Ramucirumab increased survival among patients with advanced gastric cancer
The novel drug ramucirumab significantly improved survival compared with placebo among patients with metastatic refractory gastric or gastroesophageal junction cancer, according to results of the phase 3 REGARD study presented at the Gastrointestinal Cancers Symposium.
VEGF and VEGF-receptor 2 mediated signaling, as well as angiogenesis, may contribute to the development of gastric cancer. Ramucirumab (IMC-1121B, ImClone Systems) is a human monoclonal antibody that targets VEGF-receptor 2.
Charles S. Fuchs, MD, MPH, professor in the department of medicine at Harvard Medical School, and colleagues conducted a placebo-controlled, double-blind, international trial to evaluate the safety and efficacy of ramucirumab in patients with metastatic gastric or gastroesophageal junction adenocarcinoma that progressed on first-line platinum and/or fluoropyrimidine therapy.

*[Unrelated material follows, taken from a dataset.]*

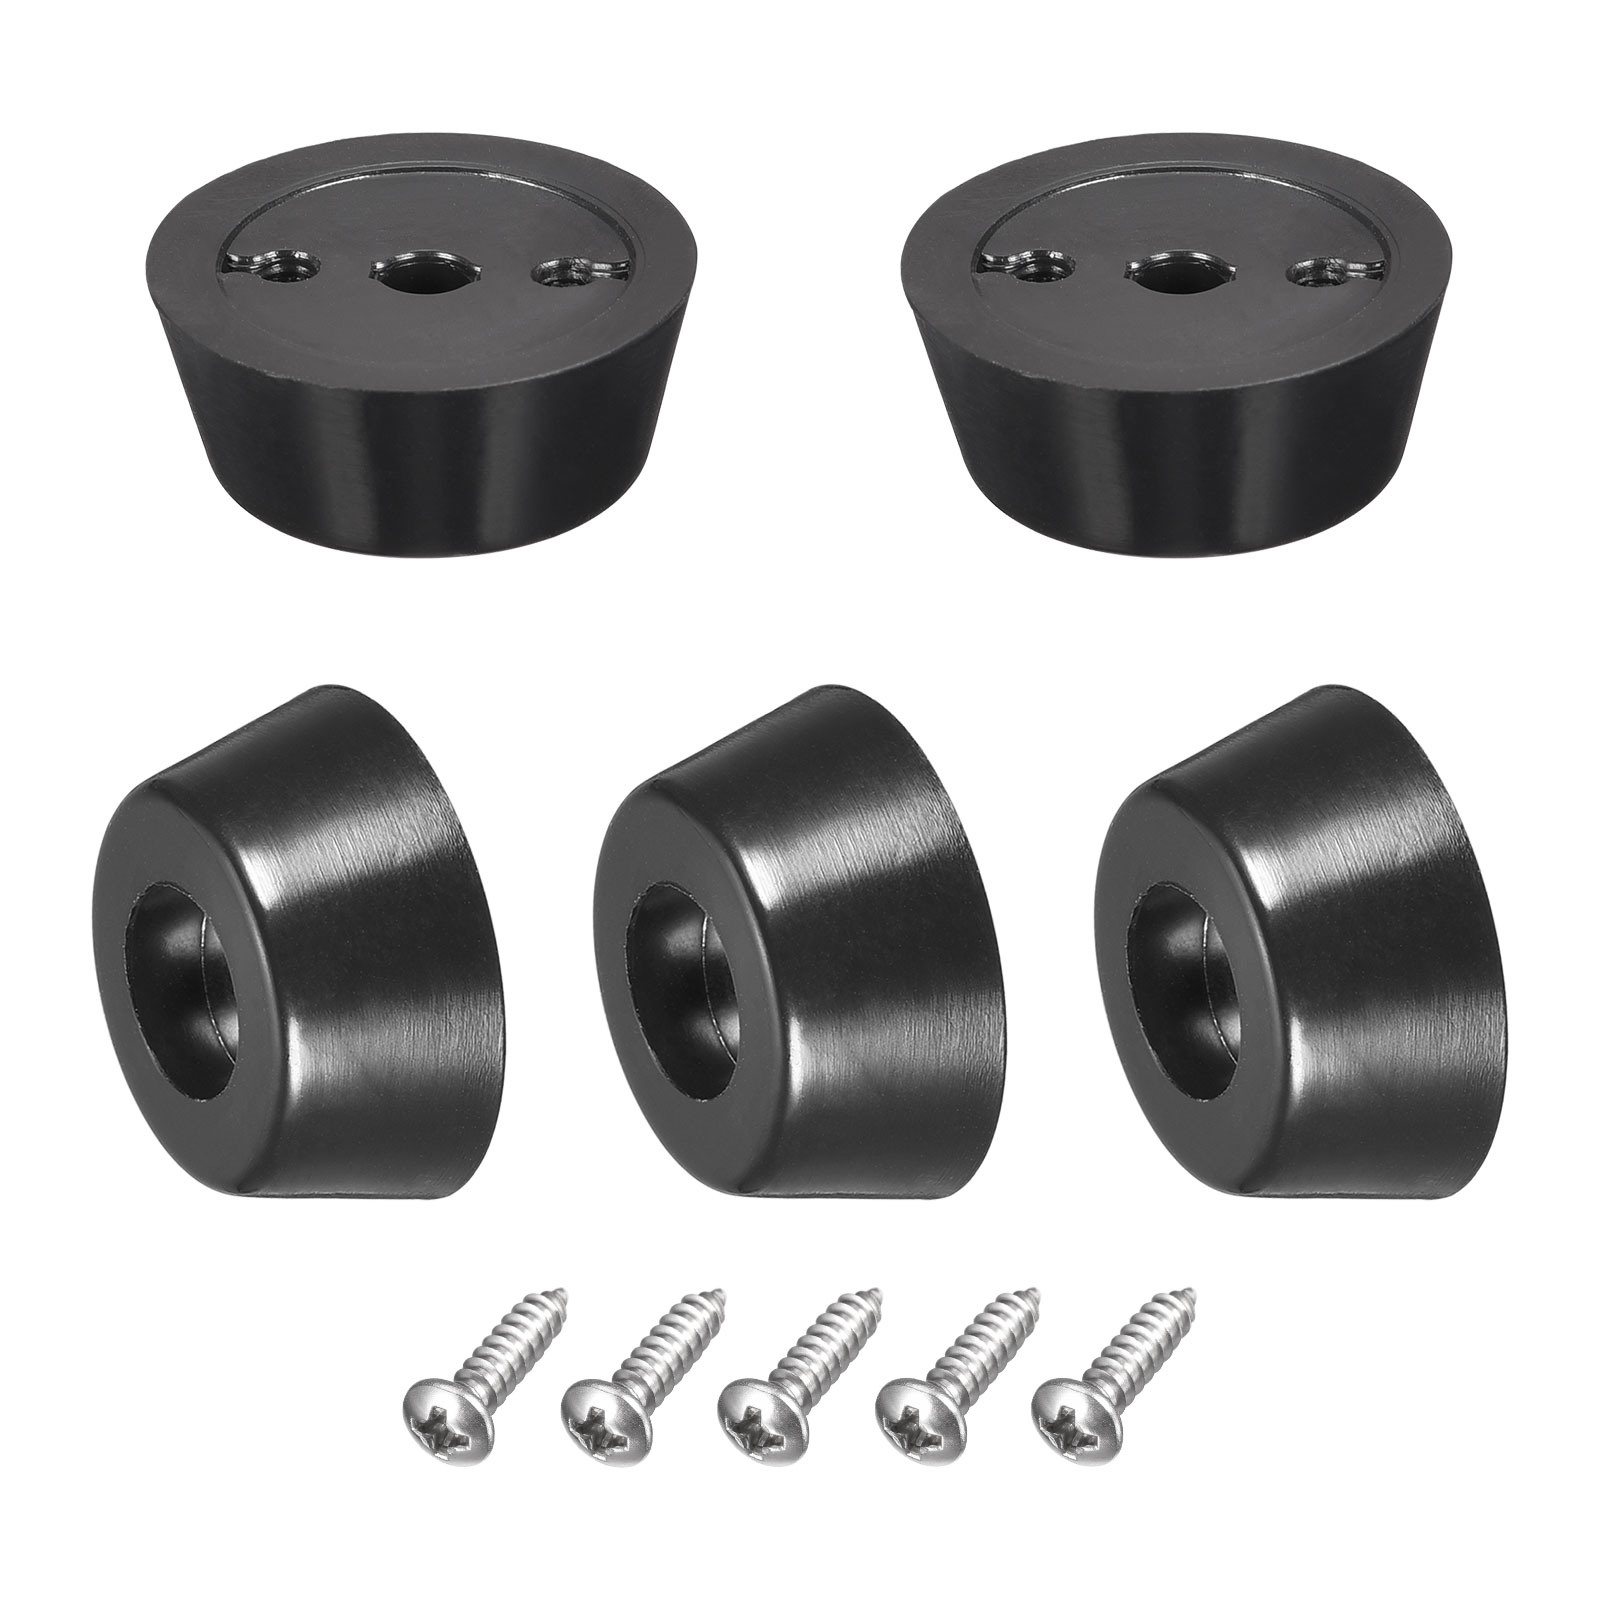 Uxcell 20mm W x 8mm H Rubber Bumper Feet, Stainless Steel Screws and Washer 20 Pack - image 1 of 5

Researchers randomly assigned 355 patients to receive ramucirumab (n=238) or placebo (n=117) every 2 weeks until disease progression, unacceptable toxicity or death. All patients also received best supportive care.
Eligible patients had disease progression within 4 months after first-line therapy or within 6 months after adjuvant therapy.
OS served as the primary endpoint. Secondary endpoints included PFS, 12-week PFS, overall response rate and safety.
Patients assigned to ramucirumab experienced significantly longer median OS (5.2 months vs. 3.8 months; HR=0.776; 95% CI, 0.603-0.998) and PFS (2.1 months vs. 1.3 months; HR=0.483; 95% CI, 0.376-0.620) than patients assigned to placebo.
Patients in the ramucirumab group also had a higher rate of 12-week PFS rate (40% vs. 16%), a higher overall response rate (3.4% vs. 2.6%) and higher disease control rate (49% vs. 23%) compared with those in the placebo arm (P<.0001).
The most frequent grade 3 or higher adverse events reported by patients assigned to ramucirumab were hypertension, anemia, abdominal pain, ascites, fatigue, decreased appetite and hyponatremia.
For more information:
Fuchs CS. Abstract #LBA5. Presented at: Gastrointestinal Cancers Symposium; Jan. 24-26, 2013; San Francisco.
Disclosure: The researchers report serving as consultants/advisers for, as well as receiving research funding and honoraria from, Amgen, Bayer, Bristol-Myers Squibb, Genentech, Infinity Pharmaceuticals, ImClone Systems, Lilly, Merck KGaA, Novartis, Pfizer, Roche and other pharmaceutical companies.